Thursday, March 29, 2012

Au bout du monde







Back from Western Australia having spent several weeks doing design work on a 1905 Arts and Crafts house I find the shock of returning from temperatures in the 30's has been lessened with anend of March heat-wave. I have four short weeks of gardening and painting before heading north again to Scotland. I will be taking a few more paintings with me to a Campbeltown gallery with new works of The Mull of Kintyre. The Mull has since childhood been a magical place for me, being out there at the end of the world and yet Ireland is only 12 miles away. From here it will be onward and upward as far as Lewis where I'll be continuing work on the bunkhouse at Tolsta mixed with some more painting at "une autre bout du monde".

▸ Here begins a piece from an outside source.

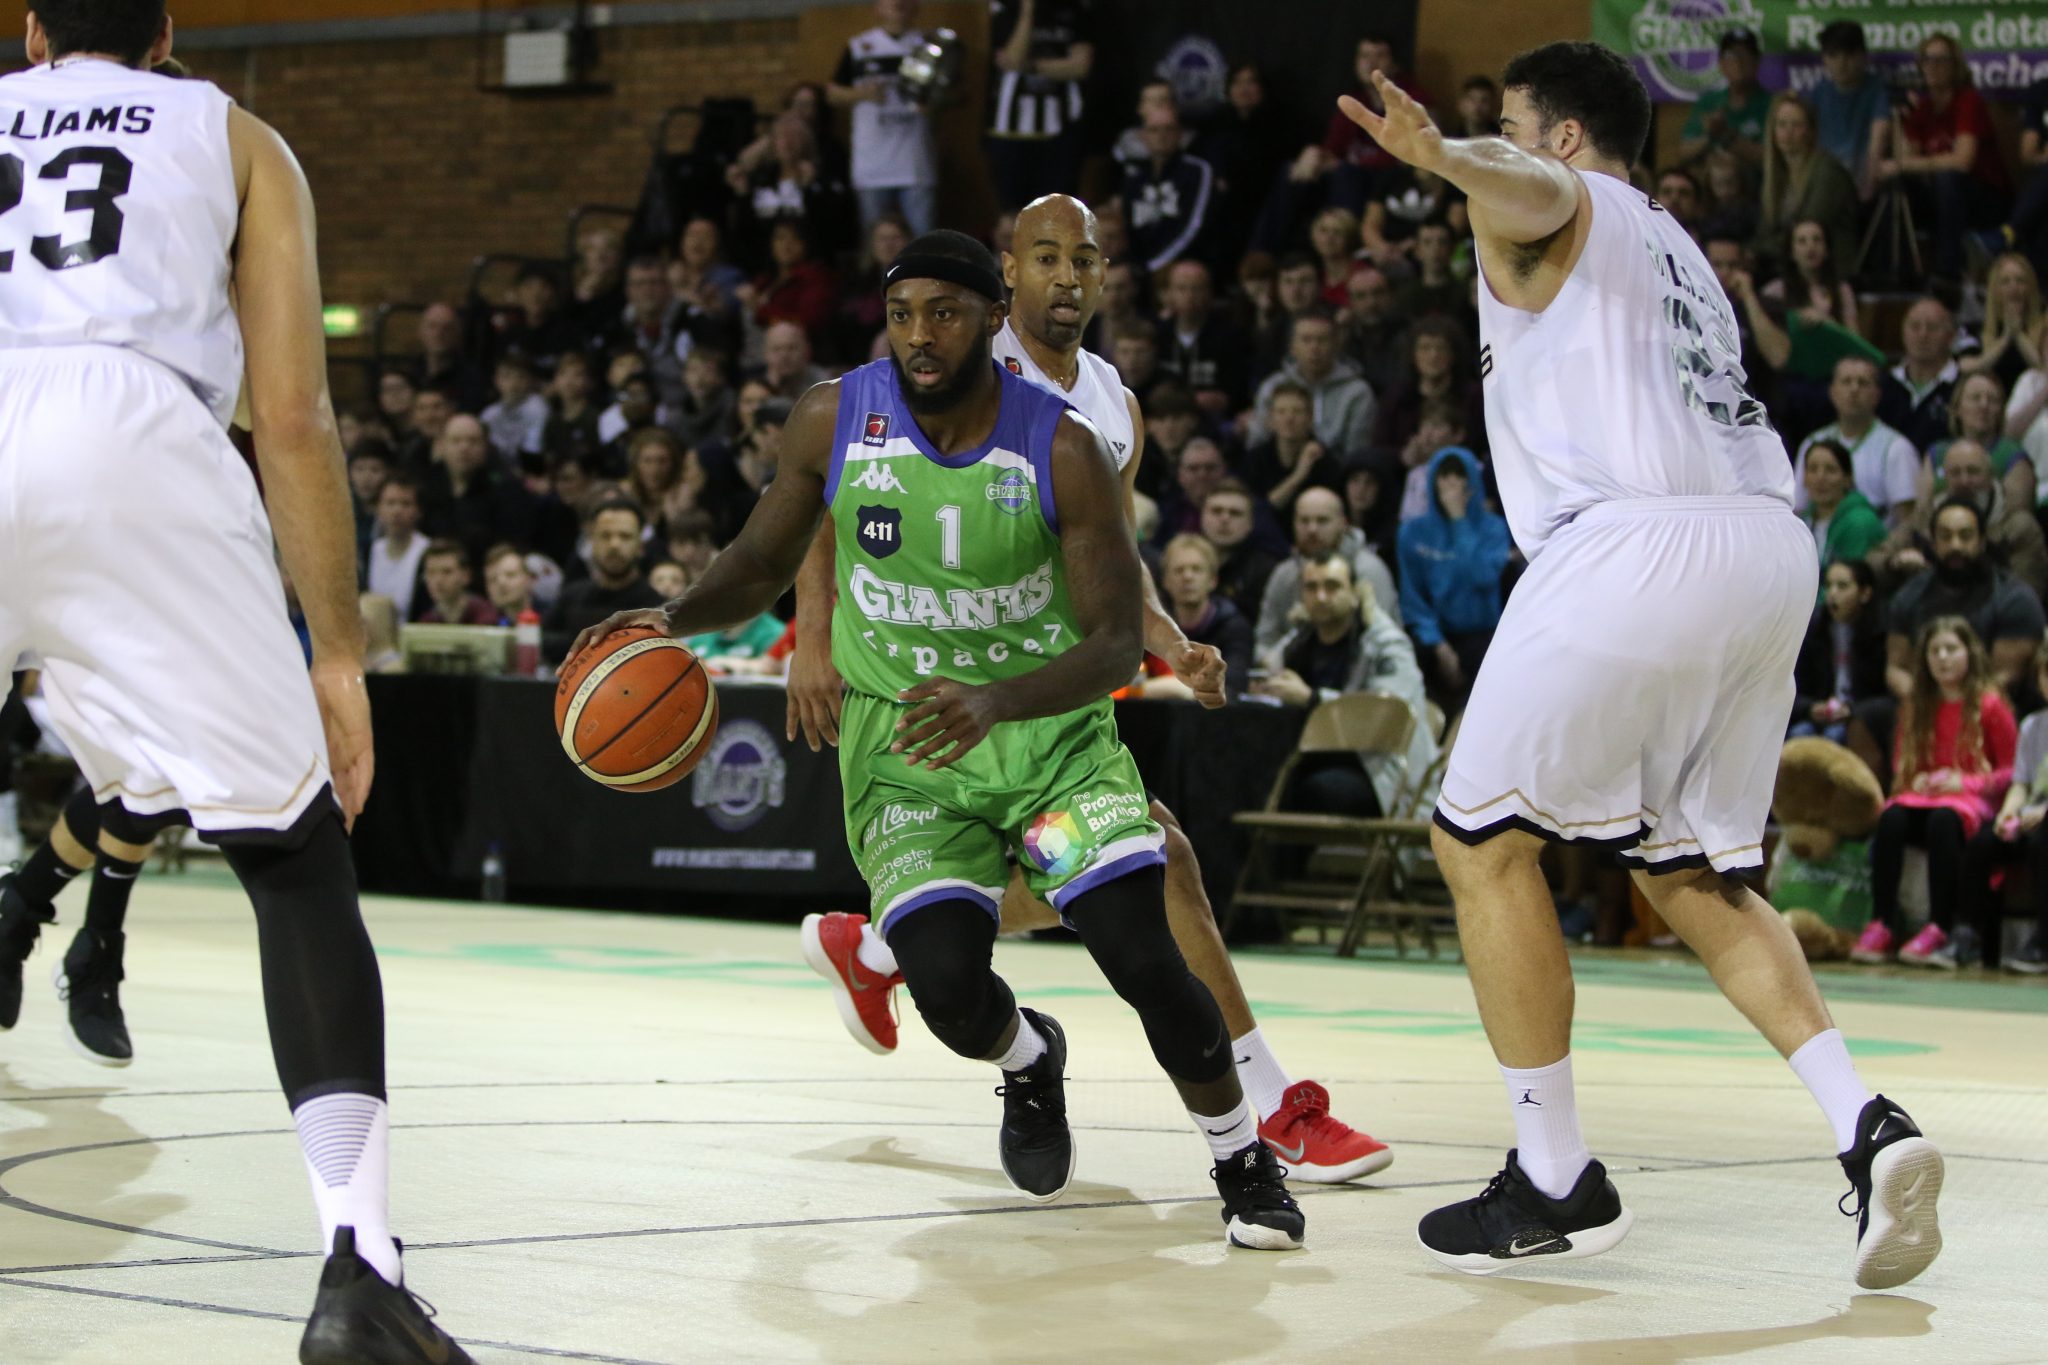 Report: Eagles at Manchester Giants – Newcastle Eagles

My informative childhood years were spent on Kildalloig Estate outside Campbeltown and were markd by what I now look upon as an idyllic post war period. Days were spent roaming free along Kildalloig foreshore knowing every knot of rocks between the slithering squelchy seaweed, every dip and fold of the horizon far across on Arran and every bend in the branches of my favourite climbing trees was as if everything that surrounded me was simply an extension of my own body: From the hills that climbed steeply up behind the old walled garden through the thick bluebell beech woods and beyond across a fragrant land, where the hill-sheep grazed tight the meagre grass. Higher still where soft low cloud often covered the very top of Ben Ghuilean, there where the brilliant yellow scented gorse gives way to the random patchwork of purple heather and fresh green bracken. All this was mine to roam over, the flat fertile fields running along the coast road where we tilled the soil, tedded the grain, singled the swedes and raked the green appearing ground. The constant soaring cliffs of Davaar Island squatting toad like in heavy swell, a vast plug restricting and sheltering the mouth of Campbeltown harbour. Ours was the crunching pebbled foreshore from out beyond the point, the seaweed bearded rocks that border the coast road from the Dhorlin to the babbling cascades of New Orleans glen and beyond the brooding bulk and wrinkled slopes of Achinhoan Head.
My memories are those stimulated by the vivid visual images that coloured my early years on the Mull of Kintyre and that at the age of four I filled my very first sketch book. In 1961 at the age of eight I left the Mull without explanation or understanding, feet first and flat out in the back of our Vauxhall estate while still recovering from pneumonia.